Prediction of drug-target interactions and drug repositioning via network-based inference - PubMed
Prediction of drug-target interactions and drug repositioning via network-based inference
Feixiong Cheng et al. PLoS Comput Biol. 2012.
Abstract
Drug-target interaction (DTI) is the basis of drug discovery and design. It is time consuming and costly to determine DTI experimentally. Hence, it is necessary to develop computational methods for the prediction of potential DTI. Based on complex network theory, three supervised inference methods were developed here to predict DTI and used for drug repositioning, namely drug-based similarity inference (DBSI), target-based similarity inference (TBSI) and network-based inference (NBI). Among them, NBI performed best on four benchmark data sets. Then a drug-target network was created with NBI based on 12,483 FDA-approved and experimental drug-target binary links, and some new DTIs were further predicted. In vitro assays confirmed that five old drugs, namely montelukast, diclofenac, simvastatin, ketoconazole, and itraconazole, showed polypharmacological features on estrogen receptors or dipeptidyl peptidase-IV with half maximal inhibitory or effective concentration ranged from 0.2 to 10 µM. Moreover, simvastatin and ketoconazole showed potent antiproliferative activities on human MDA-MB-231 breast cancer cell line in MTT assays.

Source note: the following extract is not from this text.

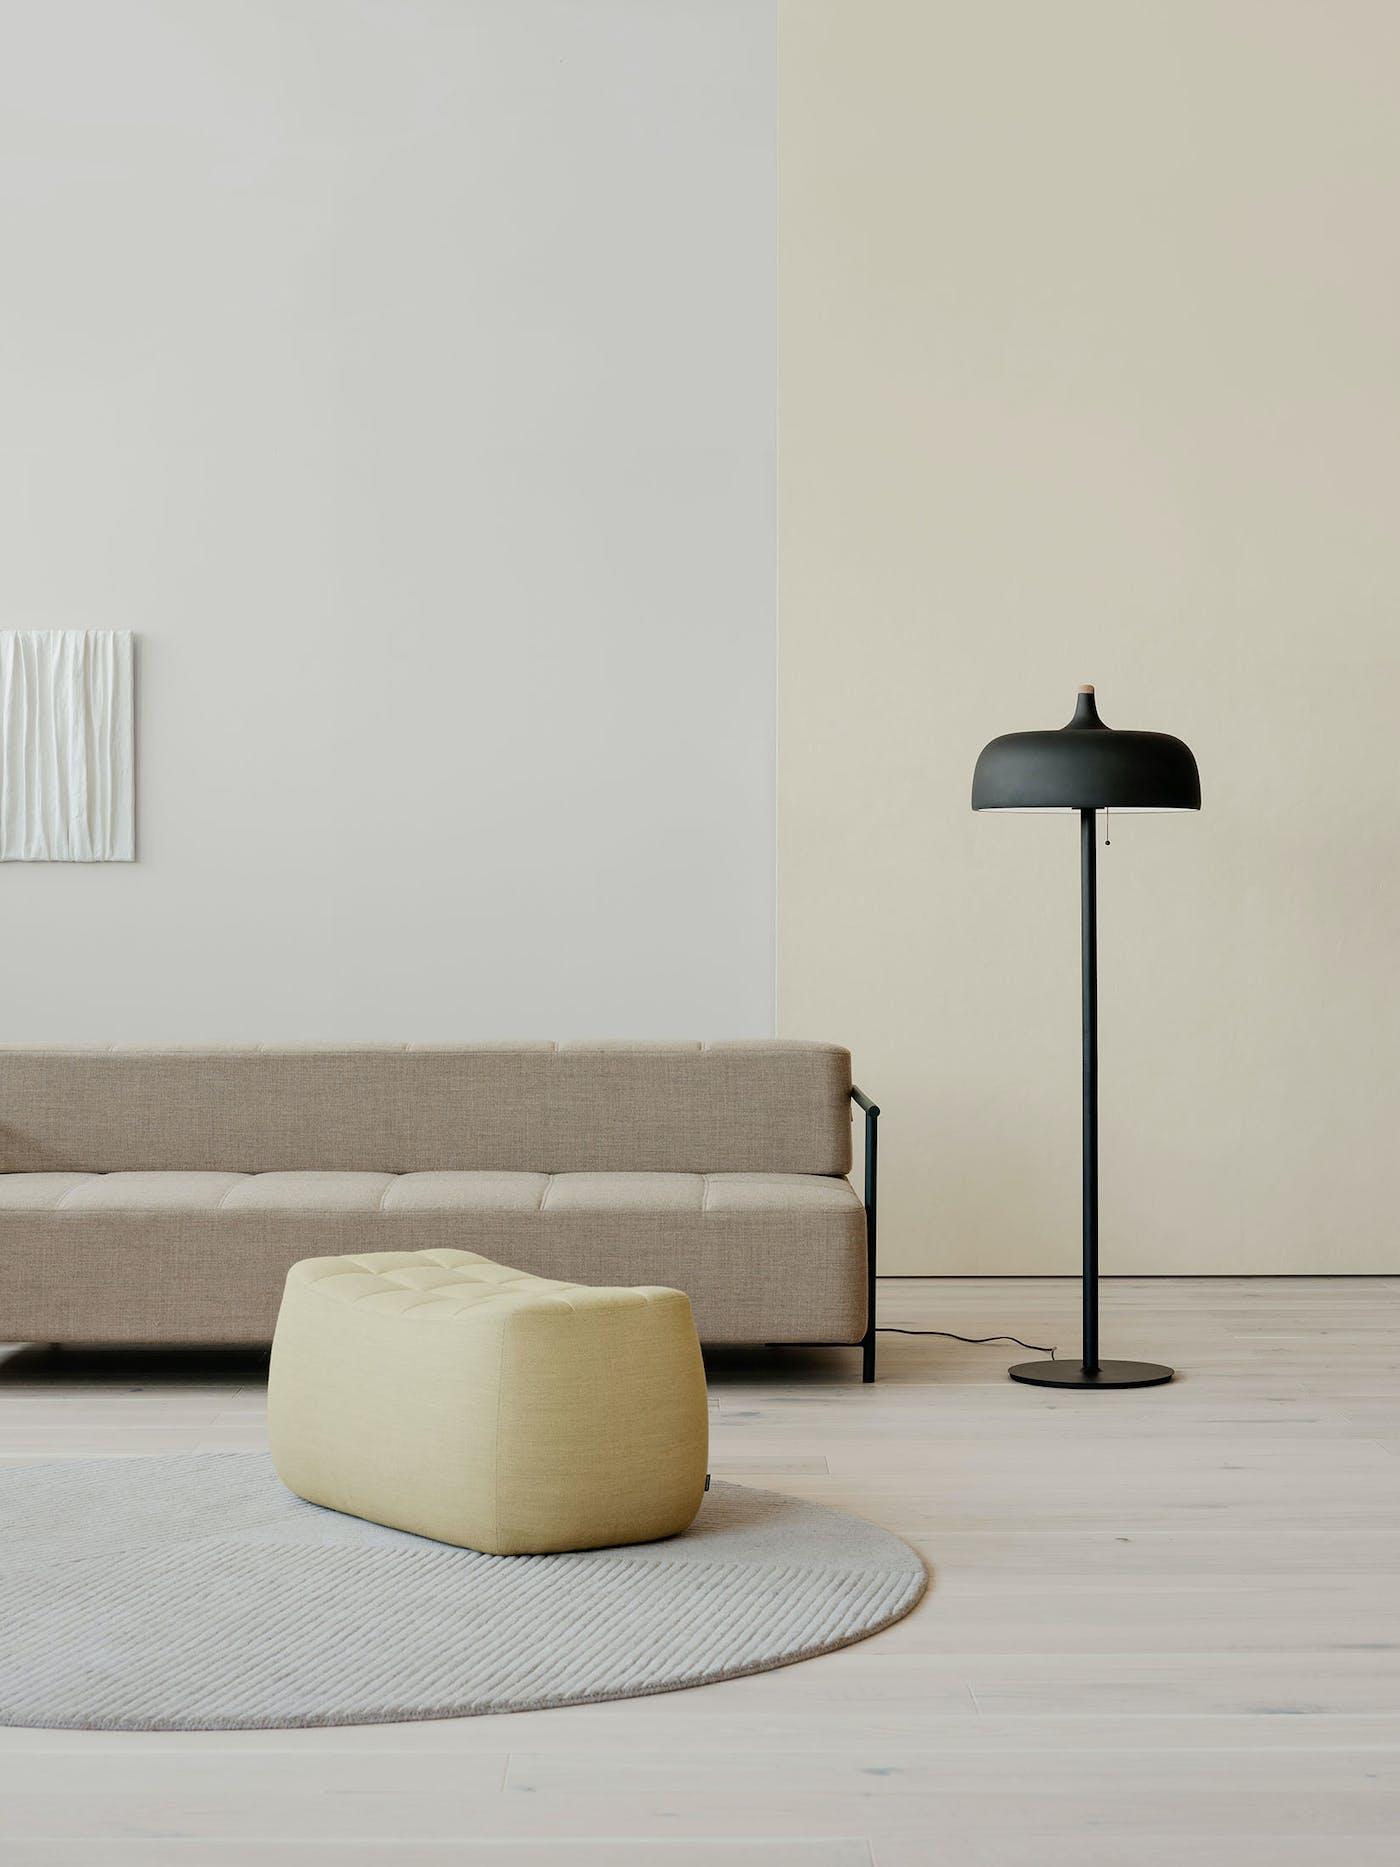 Acorn floor lamp Yam pouf livingroom Northern Photo Einar Aslaksen Low res

The results indicated that these methods could be powerful tools in prediction of DTIs and drug repositioning.
Conflict of interest statement
The authors have declared that no competing interests exist.
Figures

The entire workflow includes five steps: (i) collection of known drug-target interaction data and construction of bipartite drug-target graphs; (ii) calculation of drug-drug two dimensional structural similarity (SC), target-target genomic sequence similarity (Sg) and drug-target topology network similarity; (iii) application of new methods in prediction of new drugs for a given target (pink square) or new targets for a given drug (pink circle); (iv) validation of new drug-target interactions by experimental assays (D); (v) visualization of experimental results using drug-target-disease associations network analysis (E). In A–C, given drug node (pink circle) denotes the drug which we want to predict new target for, given target node (pink square) denotes the target which we want to predict new drug for, drug with resource (green circle) denotes that this drug have resource, target with resource (green square) denotes that this target have resource, the more resource a node possesses, the darker the color is, blue edges denote the drug-target interactions with known experimental evidence, black arrows denote the resource diffusion direction. In E, green circle: drug node, red square: on-target node, blue square: off-target node, yellow square: new off-target node, violet square: disease node.


The DT network was generated using known FDA-approved small molecule DT interactions. The size of the drug node is the fraction of the number of targets that the drug linked in DrugBank. The size of the target node is the fraction of the number of drugs that the target linked in DrugBank. Color codes are given in the legend. Drug nodes (circles) are colored according to their Anatomical Therapeutic Chemical Classification. The graph was prepared by Cytoscape (
http://www.cytoscape.org/).

Data shown are the mean for at least triplicate measurements. aOriginal pharmacological target information was extracted from DrugBank (
http://www.DrugBank.ca/). b50% relatively effective concentration is the concentration of the tested chemical showing 50% of agonistic activity of the maximum activity of E2. REC50 provides the estrogenic activity relative to that of E2. cAntiproliferative activities were assayed on human MDA-MB-231 breast cancer cell line by MTT assays. IC50: half maximal inhibitory concentration, EC50: half maximal effective concentration, ER: Estrogen Receptors, DPP-IV: dipeptidyl peptidase-IV.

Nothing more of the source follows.